Ce sont des notions très importantes car elles aident à comprendre l'un des principaux "louchements" qui affligent les médias et l'opinion publique ici en "Occident": la caractéristique de vivre et d'analyser quotidiennement des événements, facilement réveillés, et échouant dans l'objectif de saisir les tendances à moyen et long terme, qui sont en revanche déterminantes pour comprendre la "mécanique de la guerre" et tenter d'anticiper son évolution jusqu'à ses dénouements finaux, qu'on les aime ou non .

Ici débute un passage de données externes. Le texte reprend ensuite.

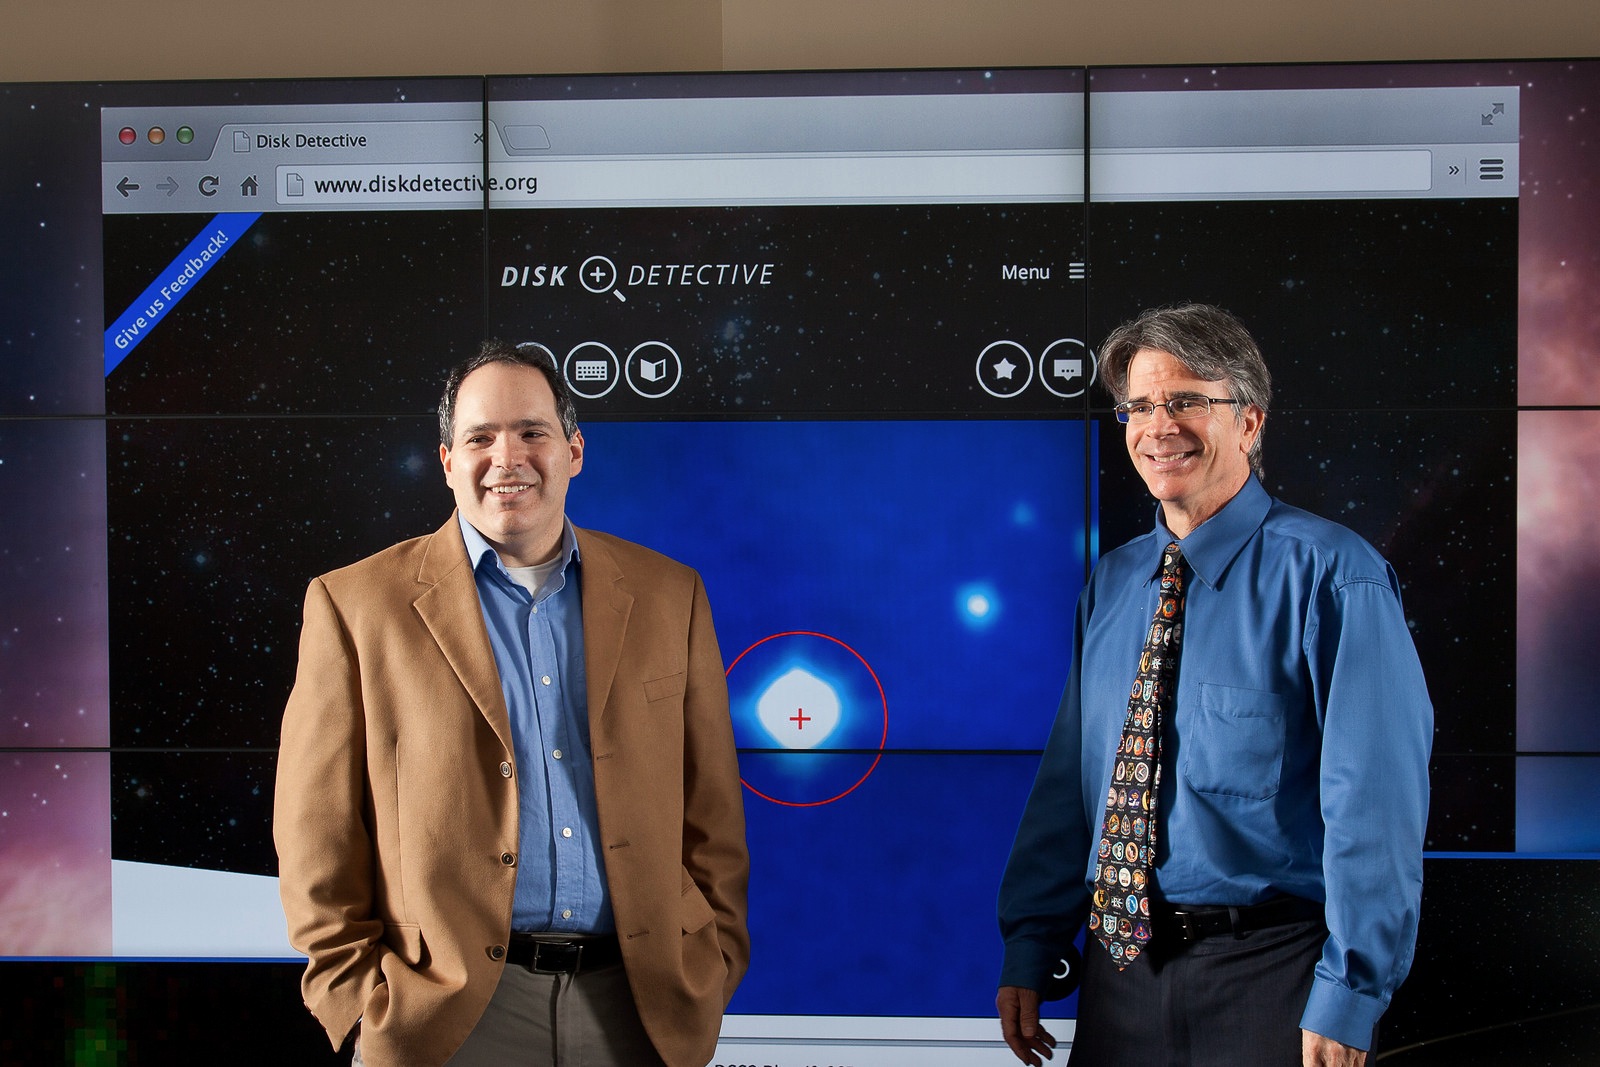 Marc Kuchner and Jim Garvin stand in front of a computer screen showing the DiskDetective.org website.

L'objectif principal de l'analyste n'est donc pas de rendre compte de la "chronique de la guerre" comme le font les journalistes, mais de saisir la différence entre les tendances à long terme et les fluctuations momentanées. En effet, depuis longtemps tant les analystes que le public se sont demandé durant ces plus de 7 mois de guerre si les diverses défaites subies par les armées de Moscou n'étaient que de simples revers (attribuables à des fluctuations momentanées) ou, prises dans leur ensemble , représentent le signal que "le vent a changé de cours et la guerre aura désormais une issue favorable pour l'Ukraine".
Nous anticipons déjà la réponse en disant que : non, malgré tout, l'affirmation selon laquelle l'issue de la guerre évolue en faveur de Kiev n'est pas acceptable, néanmoins nous essayons de tout analyser de manière aseptique pour comprendre comment nous en sommes arrivés là et comment les choses pourraient évoluer dans un futur proche avec cette nouvelle série de mises à jour sur l'avancée de la guerre russo-ukrainienne.